A Study of 2.7M Startups Found the Ideal Age to Start a Business - nreece
https://www.inc.com/jeff-haden/a-study-of-27-million-startups-found-ideal-age-to-start-a-business-and-its-much-older-than-you-think.html
======
rogerkirkness
It's interesting to see relatively objective data come out about startups
lately and challenge the startup exceptionalism arguments. Such as: founders
must be young and unattached, companies must take VC to be big, you can tell
at the seed stage which bets will pan out and working all the time correlates
well with output. What impact would it have on startups, if those things were
in fact untrue?

------
mdorazio
The article is short and worth a read, but to save you a click: 45.
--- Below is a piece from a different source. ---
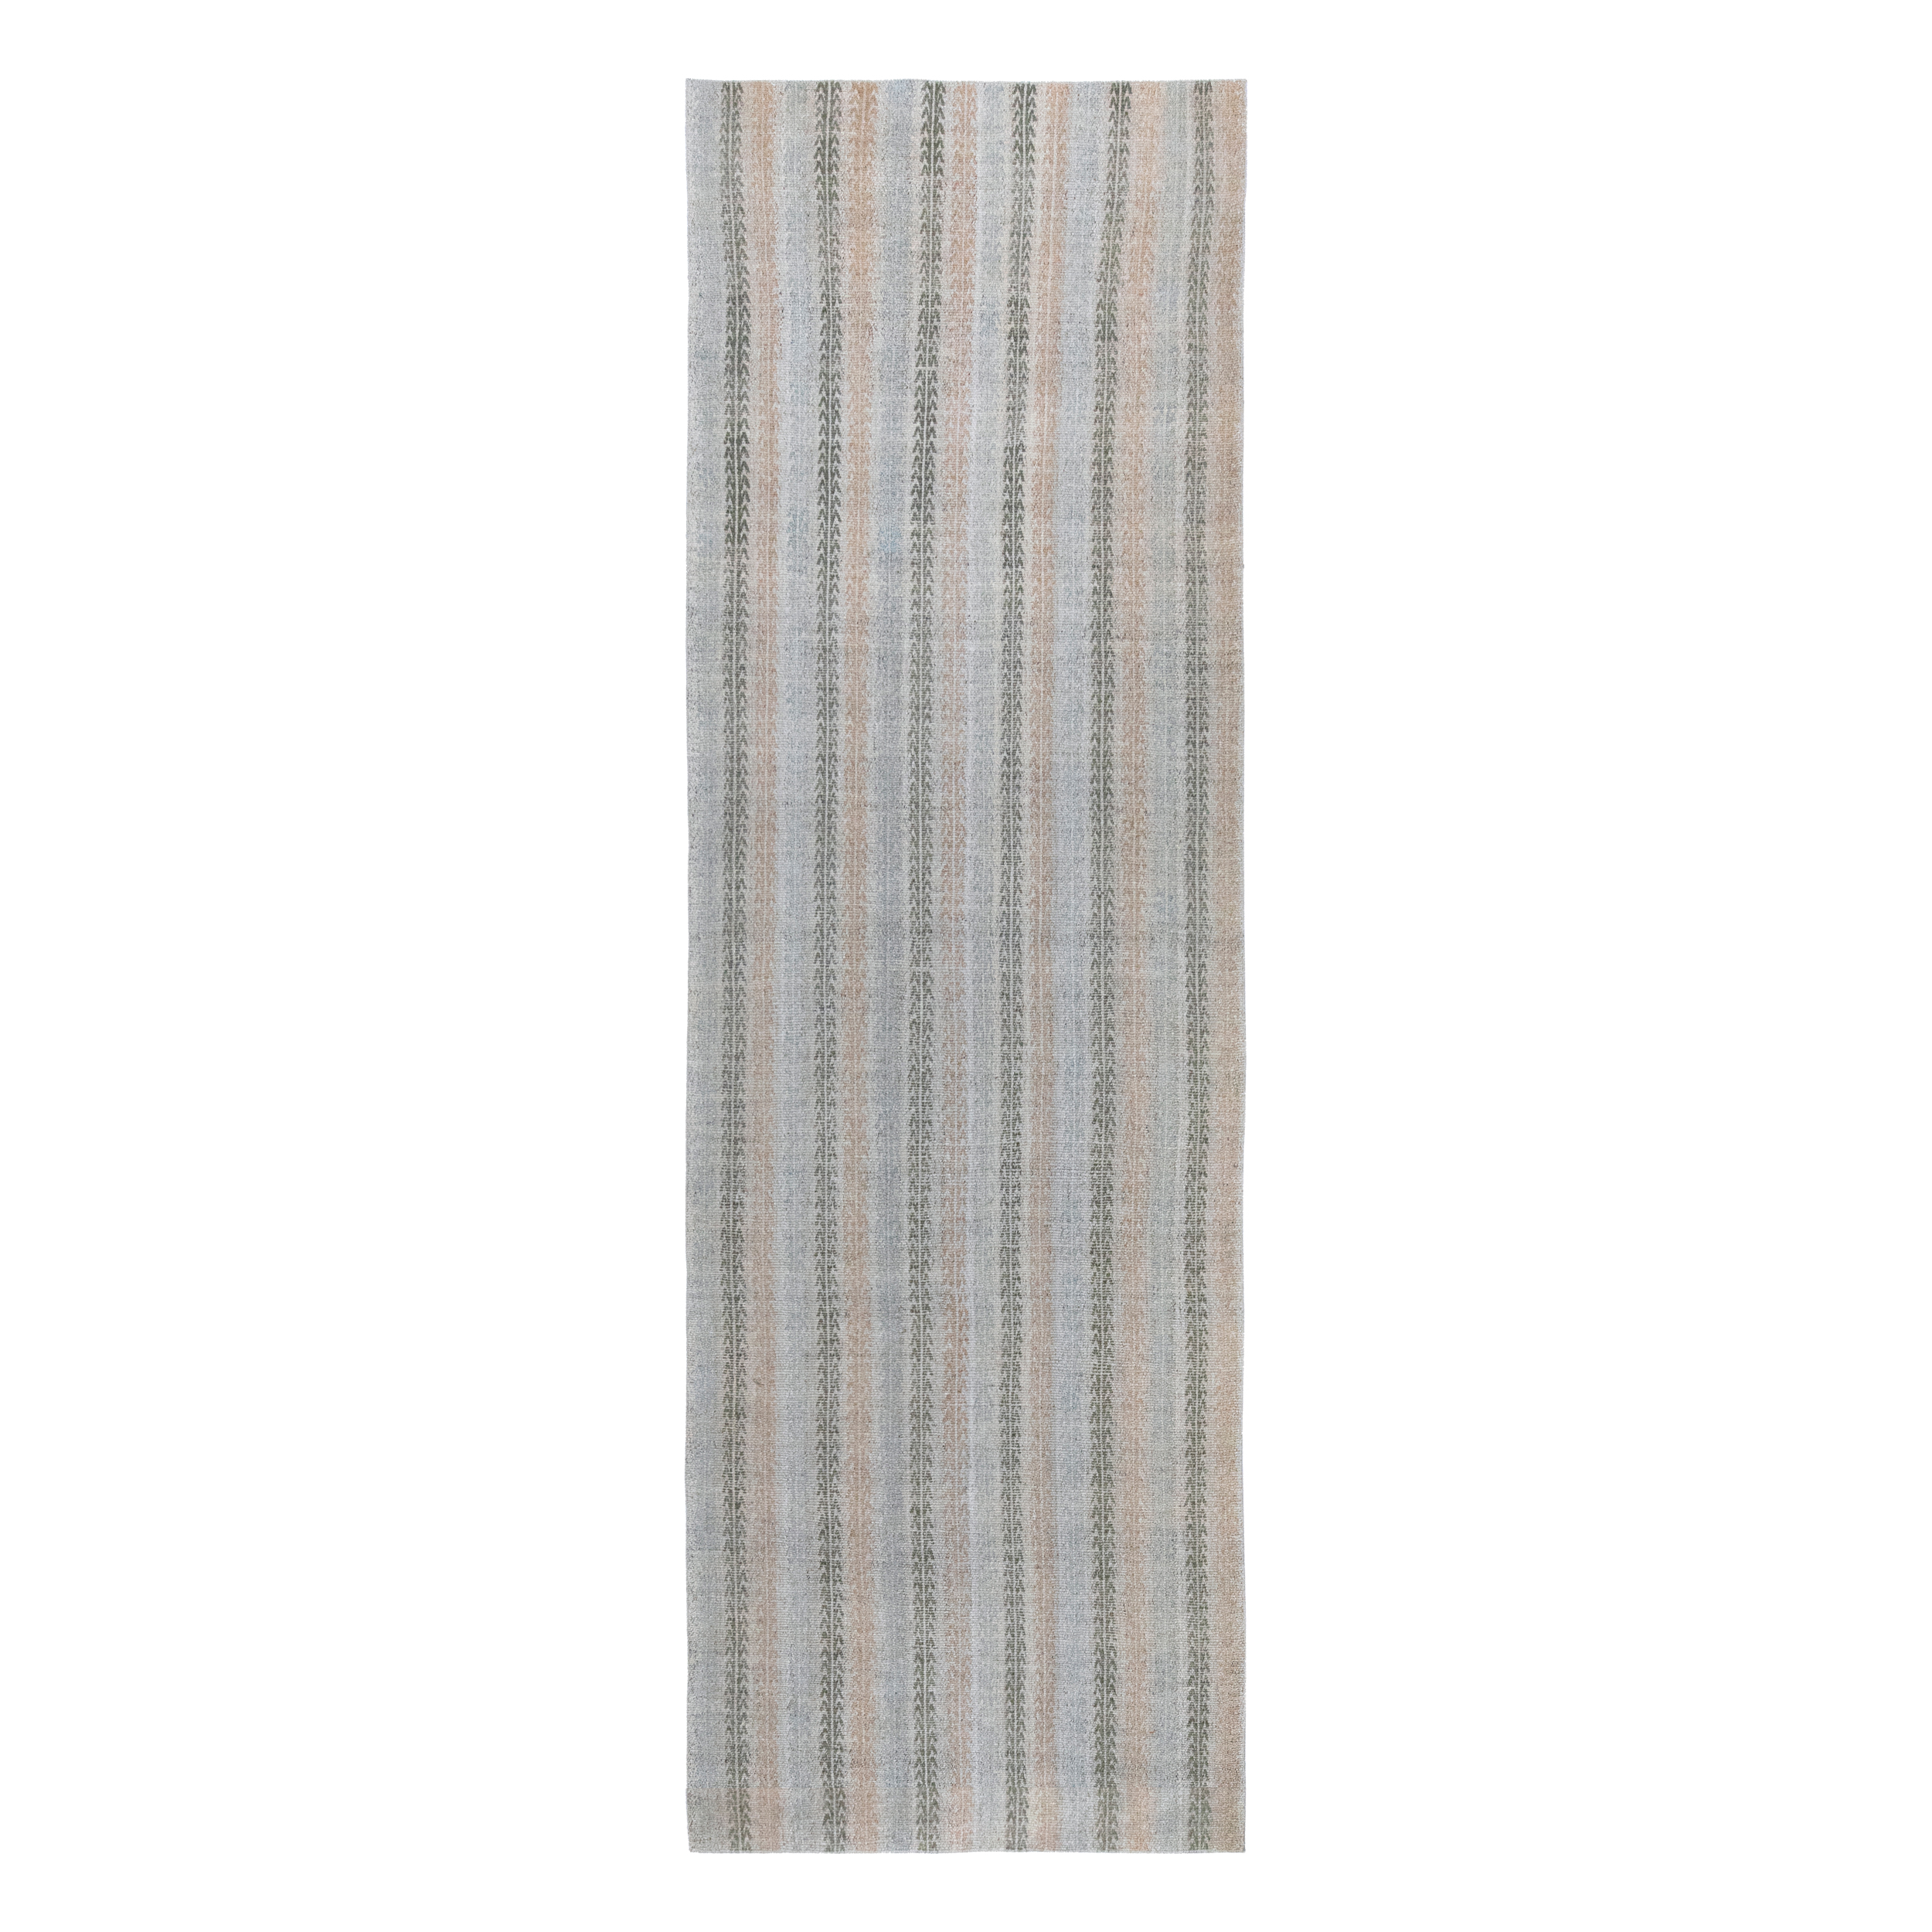 Ricci flatweave made from 100% naturally dyed Persian wool. Inspired by vintage kilims. 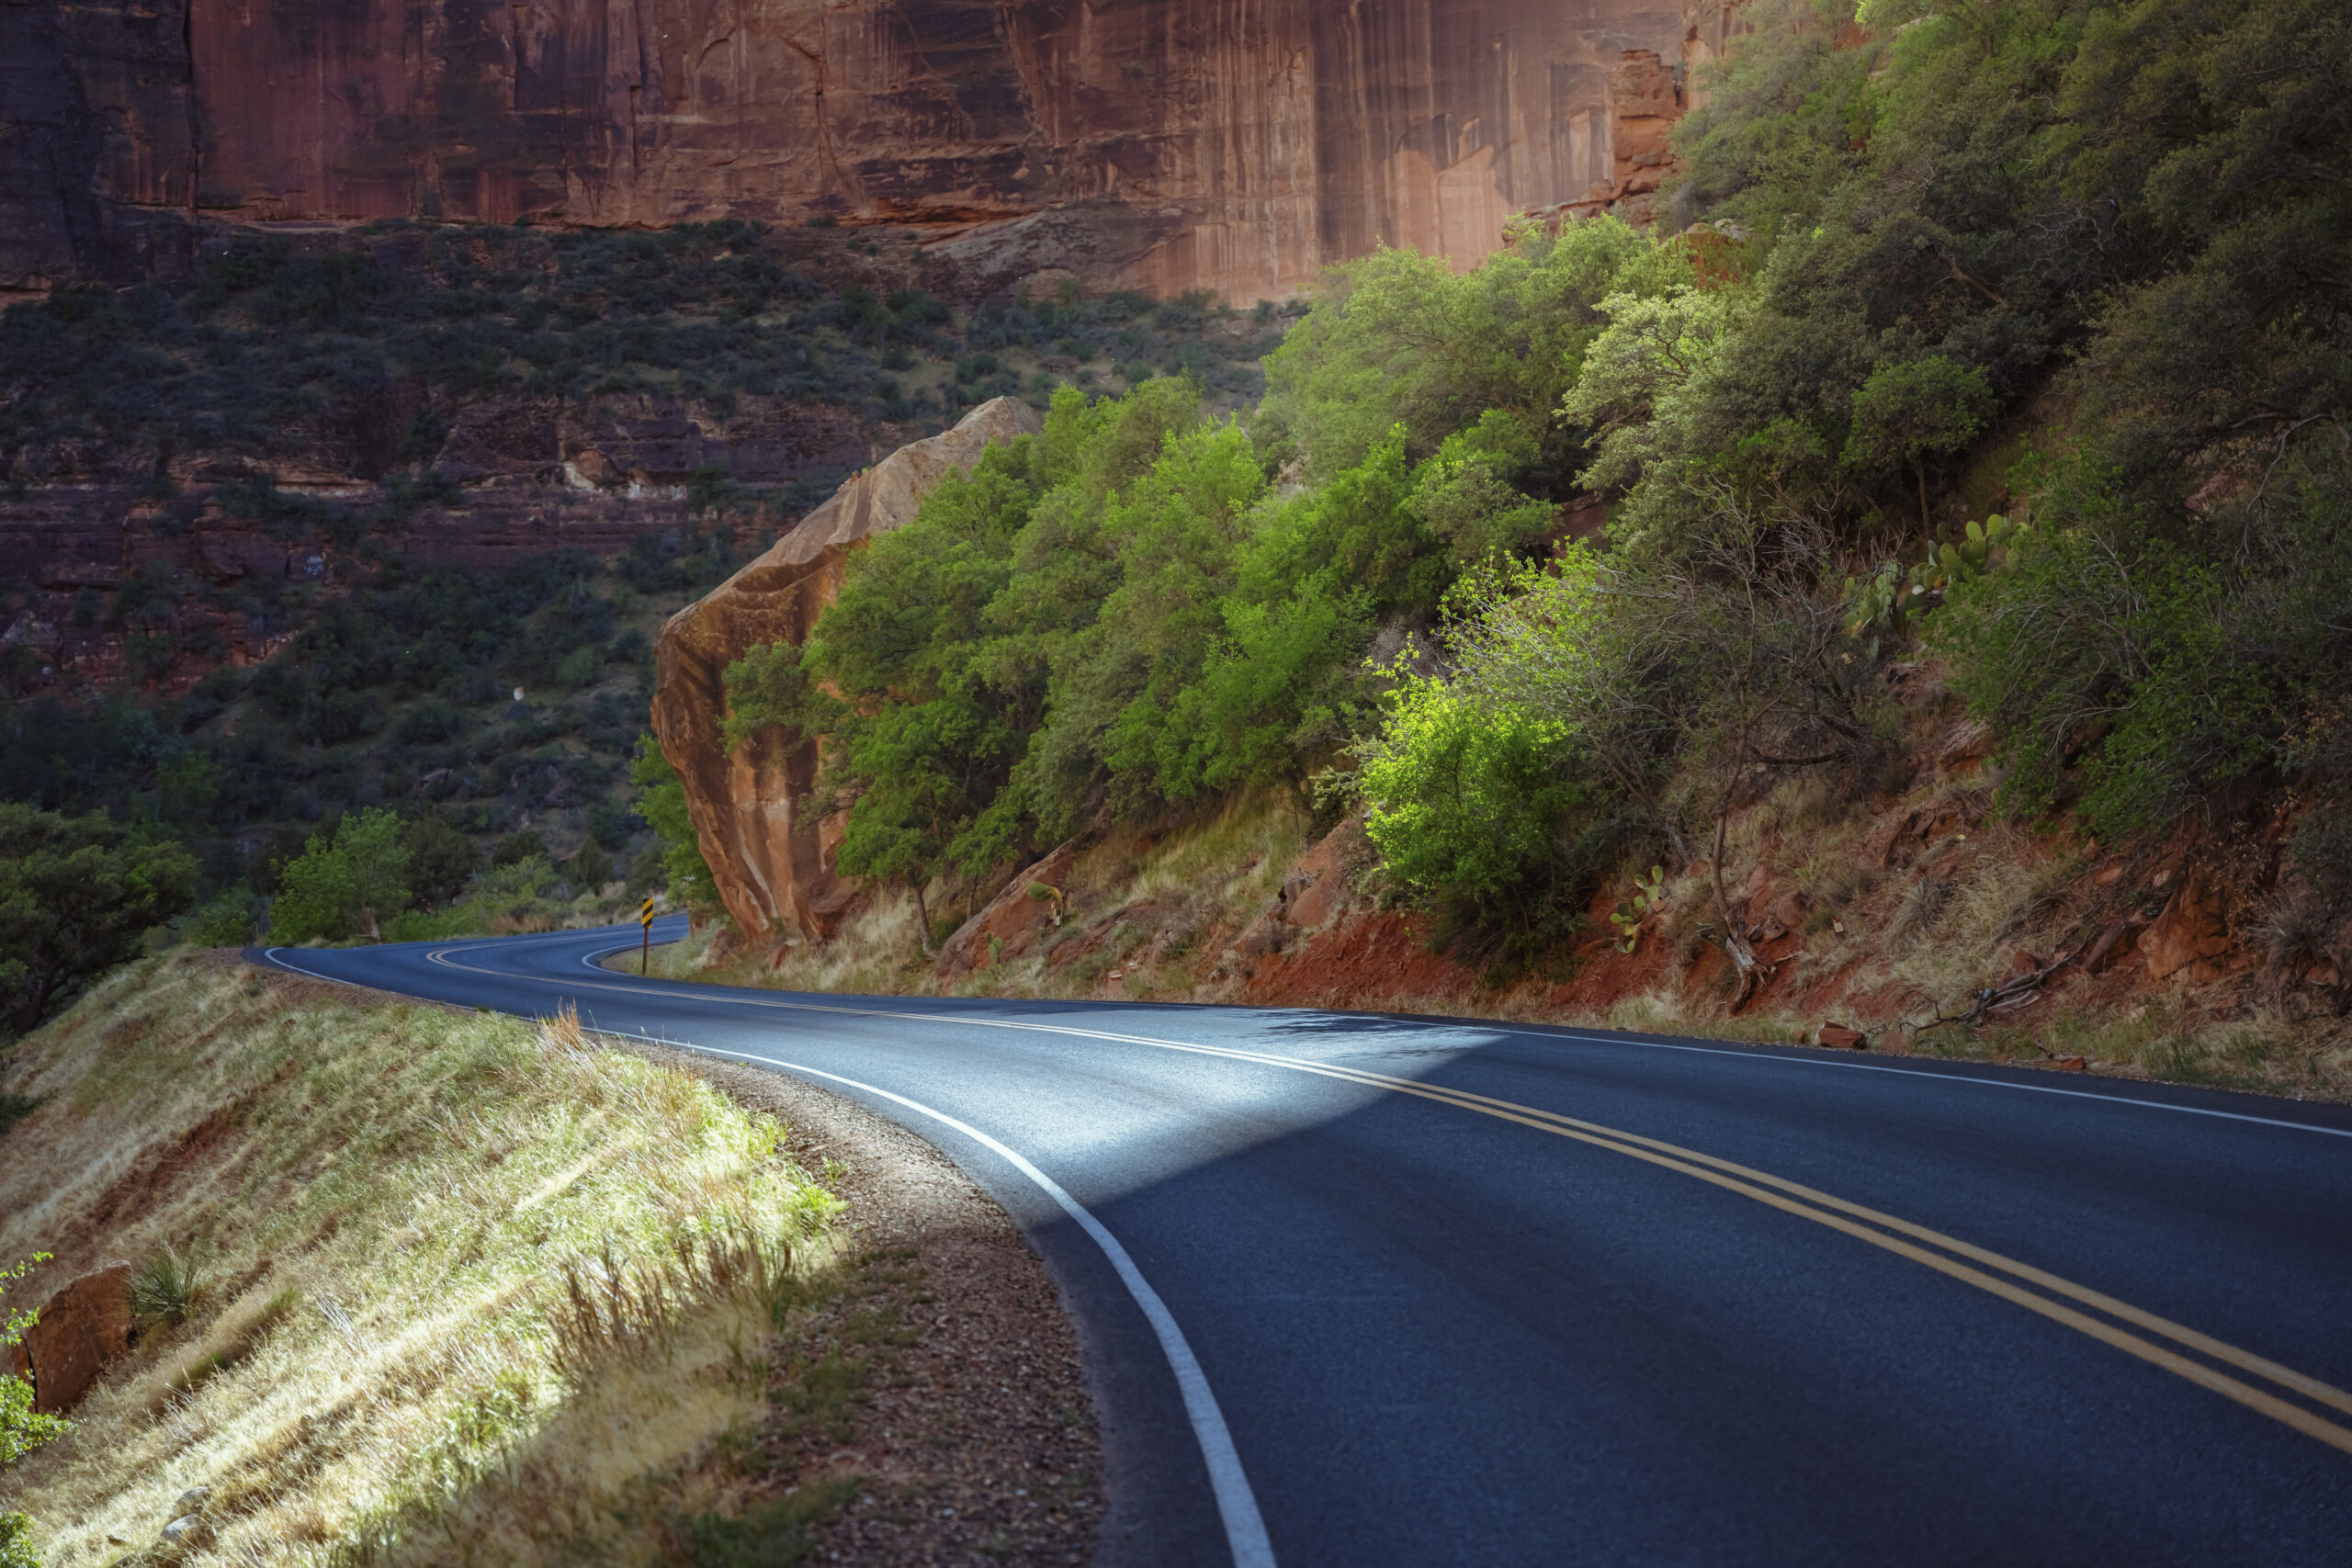 A view of the scenic drive up the canyon in Zion National Park.

However, the data is really not presented well and it's hard to cut through
the clickbait aspect of this because the author conflates a few terms and it
at least seems like this is about "entrepreneurs" rather than the HN-type
definition of "startup". If you look at the Kellogg writeup link, the authors
apparently looked at "technology" businesses and limited the set to the 0.1%
"fastest-growing" (not sure how they determined that). The more interesting
metric to me is in the Kellogg writeup as well: average age of tech IPO
company founder is 47.

The takeaway for me is a bit different than the headline - Middle-aged
founders are more likely to start sustainable, long-view companies than their
younger counterparts. However I'd love to slice the data myself to see speed-
to-exit vs. age plotted. I think that might tell a different story and better
match VC models.